Vom Frieden weit entfernt: Ein Viertel der syrischen Hauptstadt Damaskus unter Artilleriebeschuss. Foto:  

Zu den Folgekosten des Syrien-Kriegs gehören immer höhere Aufwendungen Deutschlands und anderer Länder für humanitäre Hilfe. Wäre es besser gewesen, militärisch einzugreifen? StN-Chefredakteur Christoph Reisinger zieht das in Zweifel.

Stuttgart. - So viel Ratlosigkeit hat ihren Preis. Im Fall Syriens ist es ein besonders hoher. Dort haben die EU und die USA den Krieg seit 2011 quasi ungehindert treiben lassen. Millionen Syrer sind auf der Flucht. Deshalb kommt auch Deutschland nicht darum herum, seine Hilfe aufzustocken – jetzt auf 5,5 Milliarden Euro.

Wäre alles besser gekommen, hätten Deutschland und seine Verbündeten massiv in Syrien eingegriffen? Das Schlimme und der Grund der großen Ratlosigkeit ist: Diese Frage lässt sich keineswegs mit einem klaren Ja beantworten.

Wolkige Reden widerlegt

Wohin man schaut – gewaltsame Einmischung war in den vergangenen drei Jahrzehnten stets mit horrenden Kosten, teilweise mit furchtbaren Verlusten und fast nie mit überzeugenden Ergebnissen verbunden. Von der Niederlage der Sowjets in Afghanistan über die Irak-Kriege der Amerikaner bis zu den Langzeit-Interventionen der Nato auf dem Balkan und in Afghanistan – nichts davon ermutigt zur Wiederholung. Das ernüchtert extrem. Widerlegt sind die wolkigen Reden des deutschen Außenministers Joschka Fischer von „humanitären Interventionen“. Sie funktionieren so wenig wie ein Wir-lassen-es-einfach-laufen.
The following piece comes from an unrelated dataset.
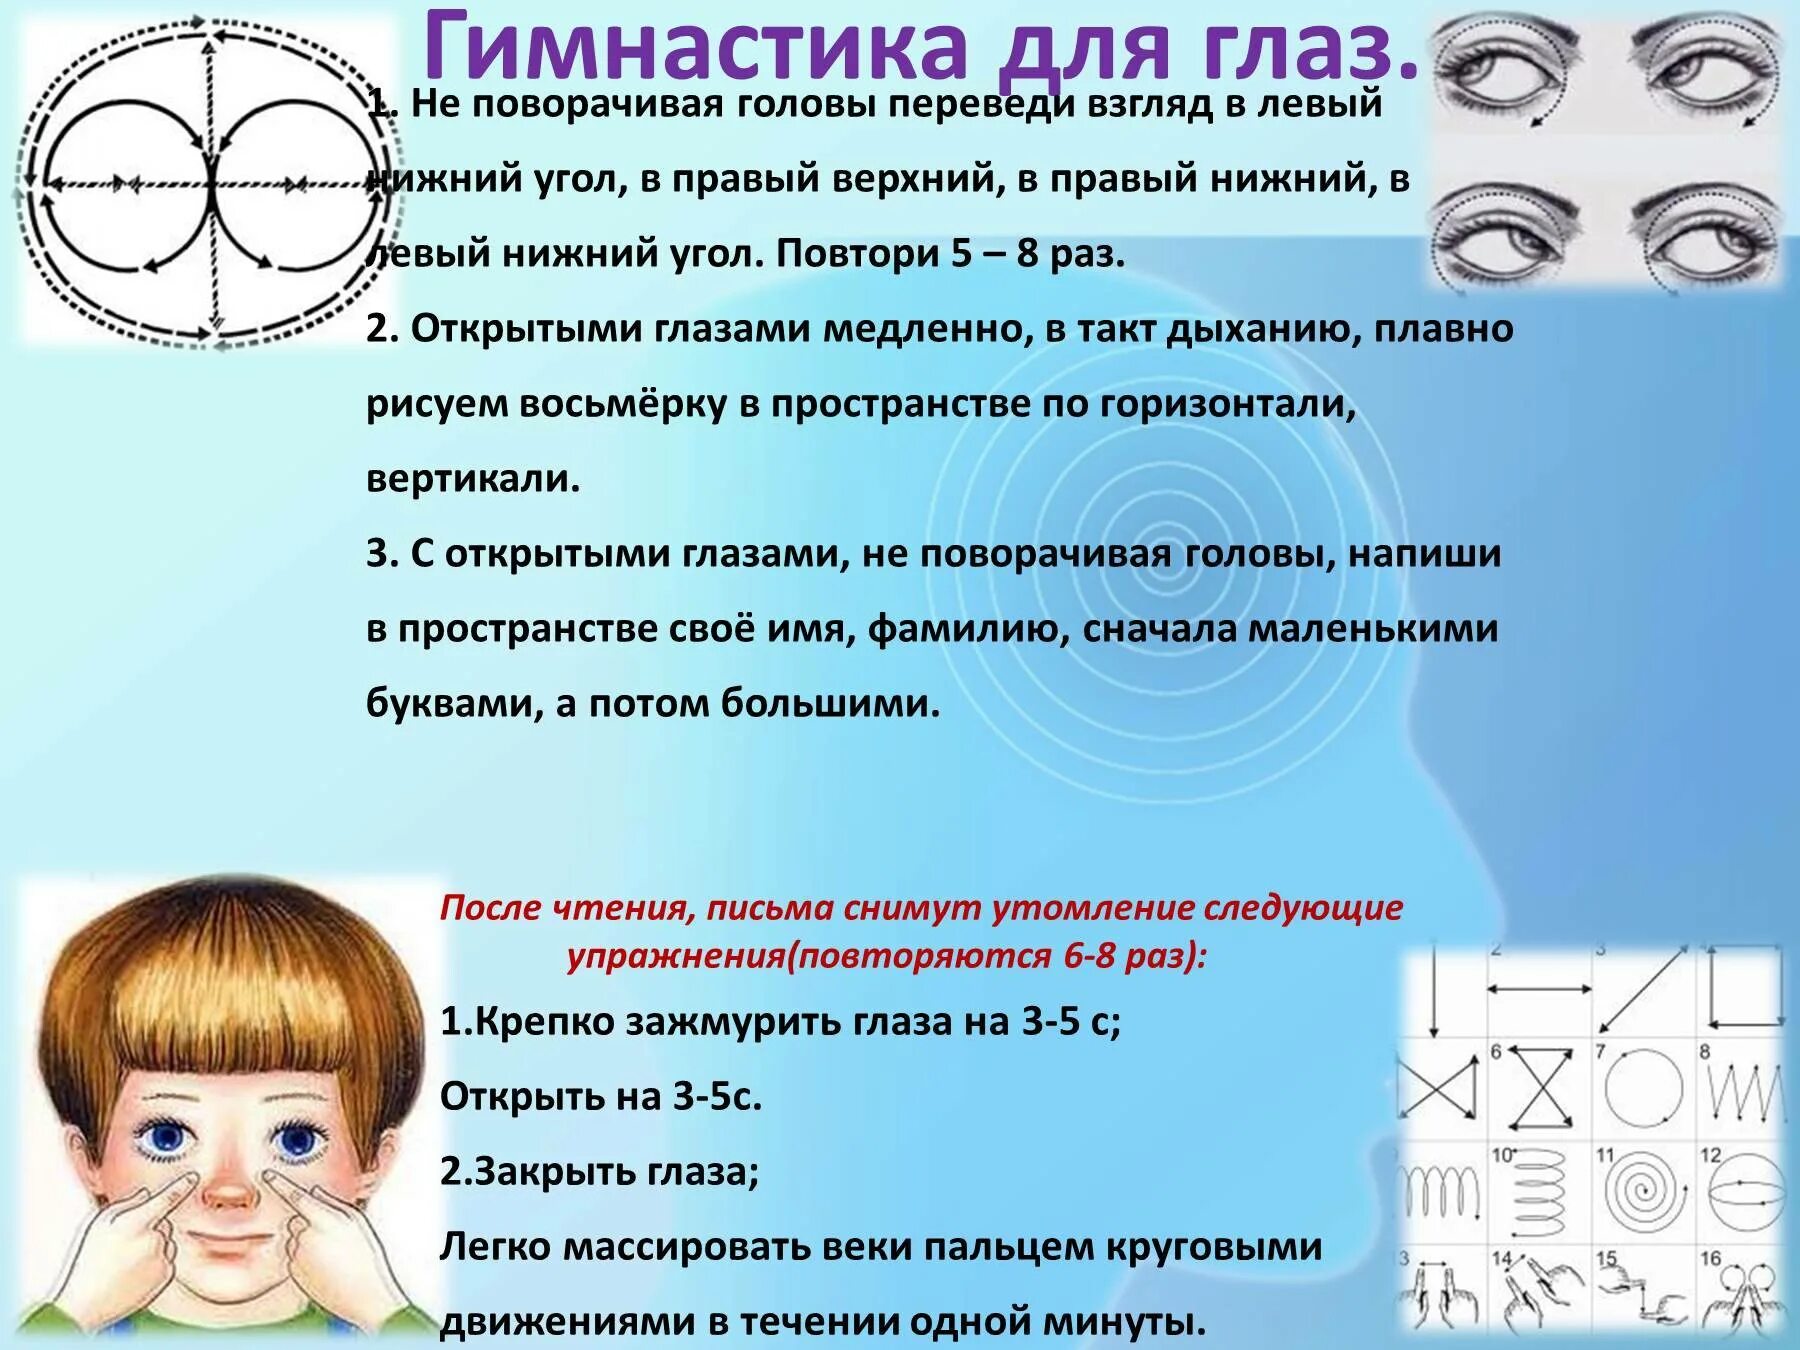 Упражнения для глаз для восстановления зрения близорукость у детей. Гимнастика для глаз близорукость у детей. Гимнастика глаз при астигматизме у детей для улучшения зрения. Гимнастика для глаз при близорукости для детей 9 лет. Какая профилактика для зрения

Ohne Anspruch auf Besitz der Wahrheit

Wie wär’s mal damit? Die Befriedung hochkomplizierter Konflikte ist im notorisch kriegszerfurchten Europa gelungen, wenn alle, aber wirklich alle Parteien an einen Tisch gekommen sind. Ohne große Vorbedingungen. Ohne Anspruch auf Besitz der Wahrheit. Der Frieden von Venedig 1177, der Westfälische Frieden 1648, der Wiener Kongress 1815 bieten auf heute, auch auf Syrien übertragbare Handlungsmuster. Warum nur macht sich auch im achten Kriegsjahr keine UN, keine Regierung daran, ihre Anwendung zu organisieren?